Attempts to bridge behavioral and molecular genetics through brain imaging has provided a convenient link between abnormal patterns of brain activity seen in certain patient populations and anatomical abnormalities seen in knockout/transgenic mouse models. Genetically modified mice provide useful model systems for testing the role of candidate genes in behavior and imaging studies provide neuroanatomical evidence to validate cross-species translation. The extent to which such genetic manipulations in the mouse and the resulting phenotype can be translated across species, from mouse to human, is beginning to be assessed more directly. A new direction for genetic research is to exploit behavioral paradigms being used with mice, and adapt them for use with humans in the imaging environment. Such an approach provides a direct move toward translating the function of genes in the context of human behavior. In highlighting the promise of imaging genetics, we provide a concrete example of how parallel human and mouse genetic studies can address many of the challenges of genetic studies.
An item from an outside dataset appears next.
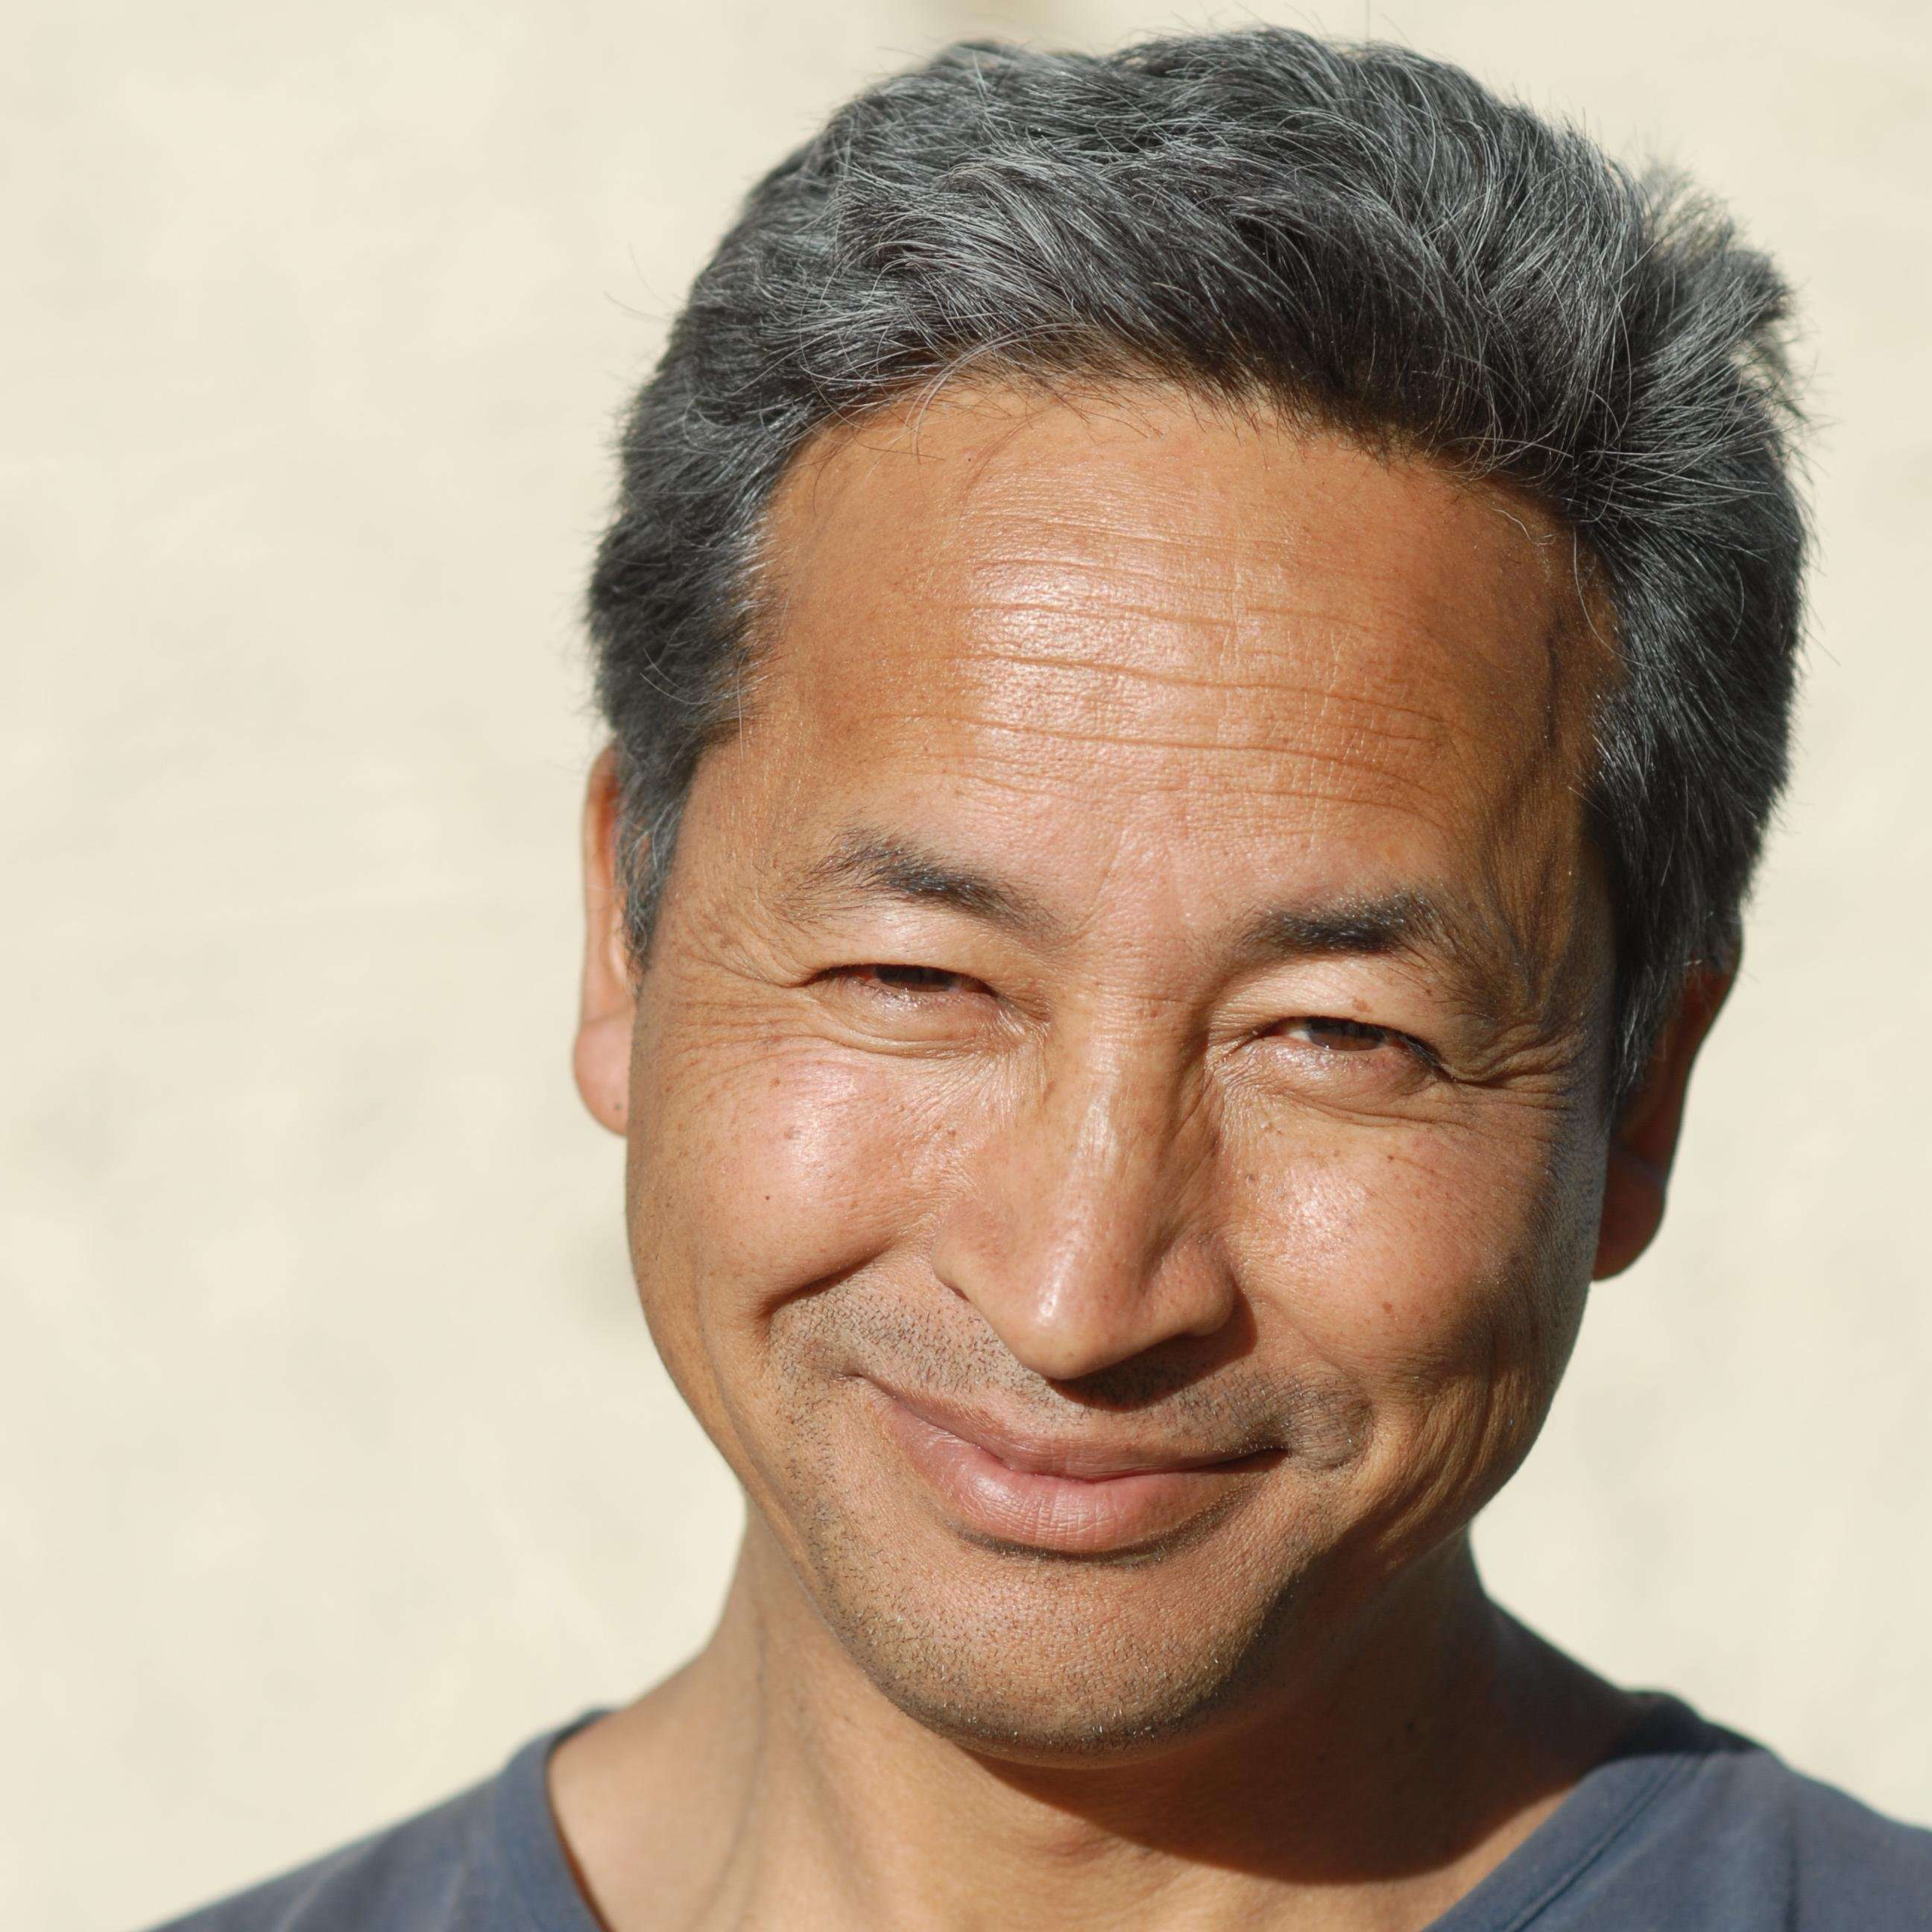 meet sonam wangchuk, the 50 year old innovator from ladakh

We describe research that focuses on the impact of a polymorphism in the brain-derived neurotrophic factor (BDNF) gene. BDNF is a member of the neurotrophins a unique family of polypeptide growth factors that influence differentiation and survival of neurons in the developing nervous system. In adults, BDNF is important in regulating synaptic plasticity and connectivity in the brain. Recently, a common single nucleotide polymorphism in the human BDNF gene, resulting in a valine (Met) to methionine (Met) substitution in the prodomain of the peptide (Val66Met), has been shown to lead to memory impairment and risk for psychiatric illness. An understanding of how this naturally occurring polymorphism affects behavior and neuroanatomy is an important first step in linking genetic alterations in the neurotrophin system to definable biological outcomes in humans.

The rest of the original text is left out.